# Intentional Losses at Music Instruments



## Enthalpy

Hello nice people!

Some thoughts here about not so rare cases where *losses are desired and intentional* on music instruments.

==========

Several tone holes contribute to emit a note on woodwinds. Even the flute's huge holes don't stop the downstream vibrations: F# fingered with 2R is muffled, 3R instead opens a second hole and is clearer. The oboe's and bassoon's narrow holes increase the effect, and for some notes, bassoonists move a key downstream 4 consecutive open holes to ease the emission or correct the intonation. A theory exists for that.

At quarter wavelengths much larger than the spacing, the holes concur to vent the air column and act as one bigger hole. But at higher notes or overtones, the forth and back distance put the reflections out of phase, so they add badly. Venting the column would need more air speed at all holes as they act uncoordinated or even against an other, but losses at the holes prevent that. Consequently, the reflection is weaker at the higher overtones, and so is the resonance of the air column.

I claim this effect is sought to dampen the strident high sound components produced by a double reed, and sometimes by a single reed. After the success of the Boehm flute, oboes and bassoons were tried with large tone holes, by Sax, Triebert, Gautrot, recently Wolf at his bassoforte. All were abandoned because strident.

I already suggested that throat holes must be narrower so the losses match across a register jump, and a reed fits both notes. There the low sound components matter.
scienceforums​But the present effect serves to dampen the strident high components.

==========

The lowest notes need low losses hence large holes for decent resonance and also to match the bell. They lack the described filtering and can sound quite hard, more so at a bass or contrabass. My bassoon does it at the but-lowest note, and so did the contrabass clarinet of a known luthier.

I suggest to *split the lowest tone hole(s)* to mimic the effect of higher notes.









The relative diameters and positions adjust the effect. The split hole might even reduce the losses at low sound components.

The effect resemble the Stowasser holes at the bell
scienceforums​Maybe these improve the but-last note too.

Marc Schaefer, aka Enthalpy


----------



## Enthalpy

The French bassoon has many bad notes, difficult to emit and whose height can jump.
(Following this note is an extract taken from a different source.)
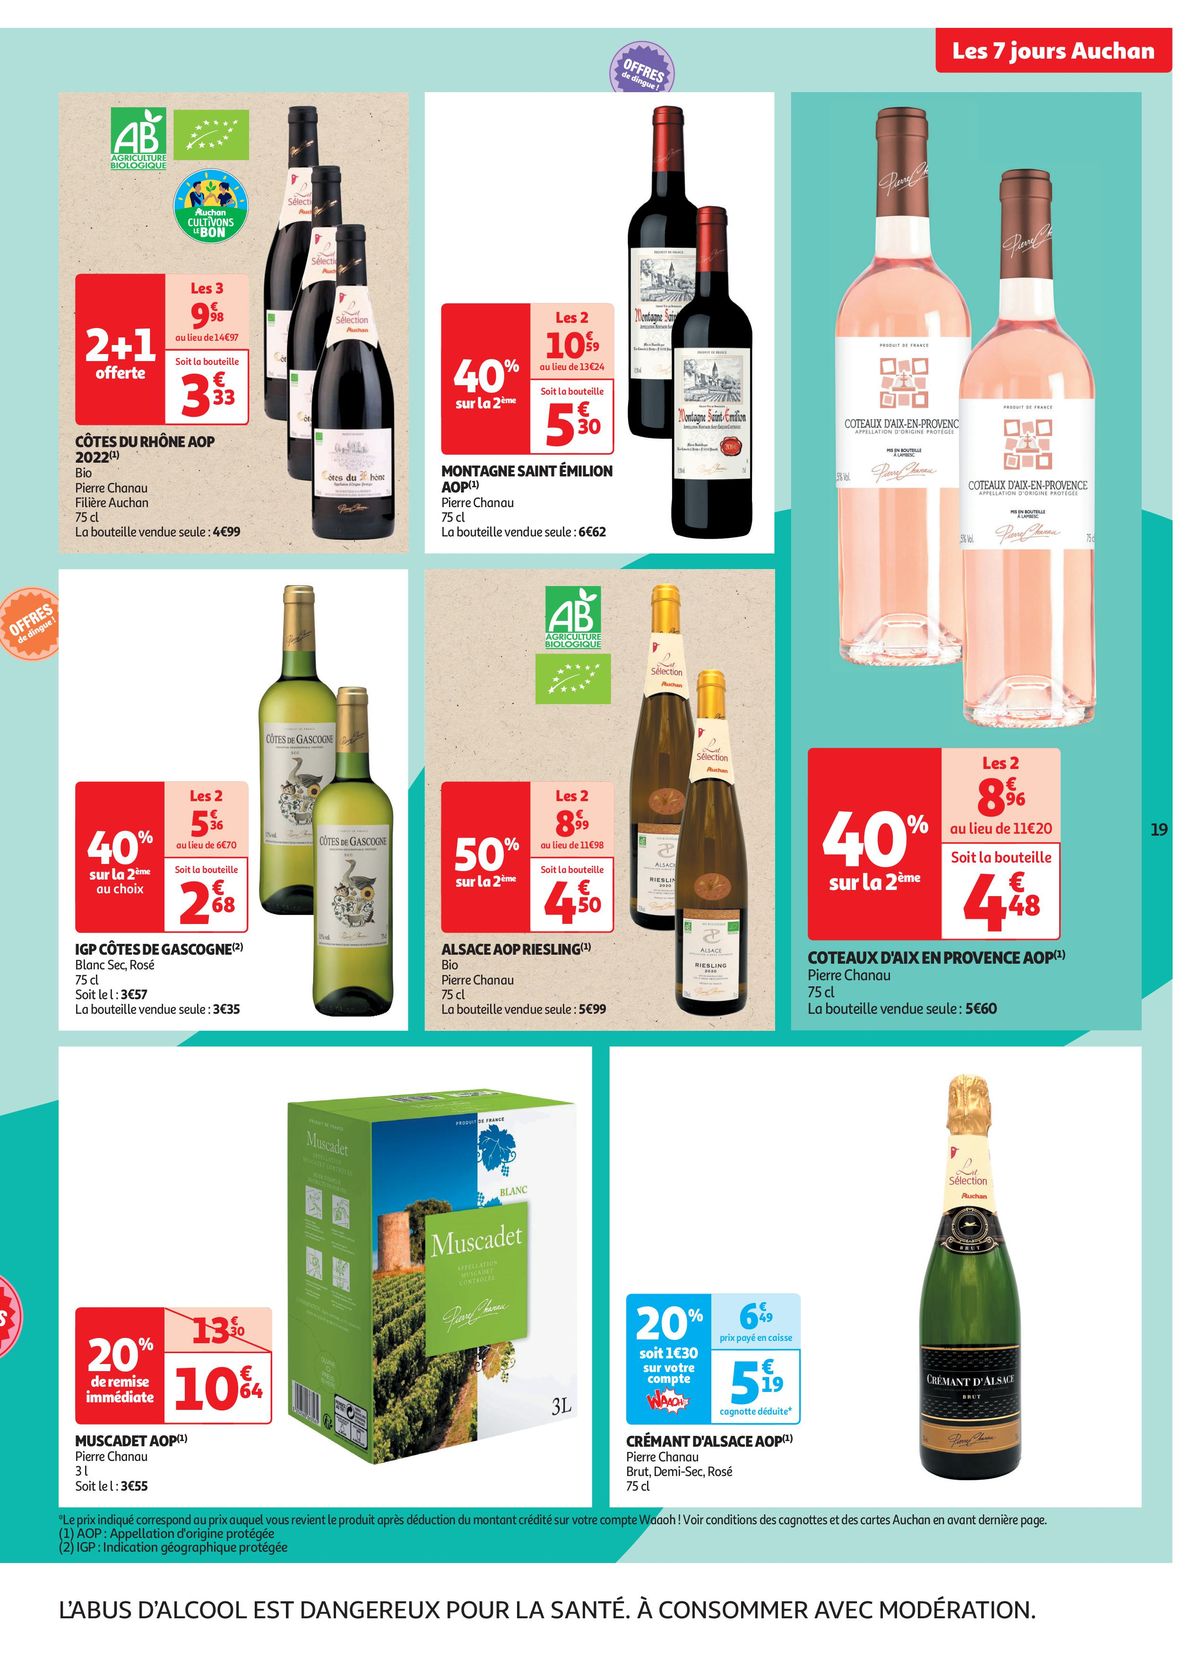 Catalogue C'est les 7 jours Auchan dans votre super !, page 00019

Instruments more recent than mine too, as I see "More stable" alternative fingerings in books, even for notes on the 1st and 2nd registers.

One cause is the misalignment of the overtones, obvious on my instrument: by a semitone or a tone already at low partials. Known effect.

The narrow long tone holes are an other cause. They are needed as they sit very high on the air column and to soften the double reed's sound. The many keys closed at rest are an other. All this propagates the vibration far down in the air column, more so at high notes and overtones, as is known by experience and models, so very low tone holes influence high notes.

Maybe I discern one more cause. A flare at the bell suppresses the reflection of high notes and overtones at the end of the tube by matching them to the outer air. But the bassoon has no flare, so the tube's end reflects high sound components, and the tube's end is ill-placed for some notes, so it favours the overtones of notes slightly higher or lower than the wanted one.

*Stowasser's holes at the bassoon's bell* would heal this last cause by spoiling the reflection of high sound components.
scienceforums​
A similar effect happens at the (flareless) flute, where a footjoint to low B destabilizes the C three octaves higher. A "gizmo key" was added against that. Add Stowasser's holes at the flute too, if they don't reduce the needed resonances?

I ignore how much the German bassoon improves that. The right thumb has several holes under a common pad, possibly to spoil the propagation of high sound components. Could someone kindly tell me where they meet the air column?

Marc Schaefer, aka Enthalpy


----------



## Enthalpy

I claimed that the* chambers at the toneholes of some oboes*








serve also to dampen the strident harmonics above 4.5kHz, with figures there:
scienceforums
*
Measured spectra* show precisely what I had expected, there, at "4. Die Klangfarbe"
mdw.ac.at
from Wiener, Wiener, conservatoire and conservatoire oboes which the paper names "French". Alas, only some conservatoire oboes, mostly by French manufacturers, do have the chambers. I wish I knew what instrument they recorded.

I suggested an easy way to undercut the tone holes of varied woodwinds, compatible with chambers
talkclassical
undercutting gives the clarinet a louder and more centered tone.


----------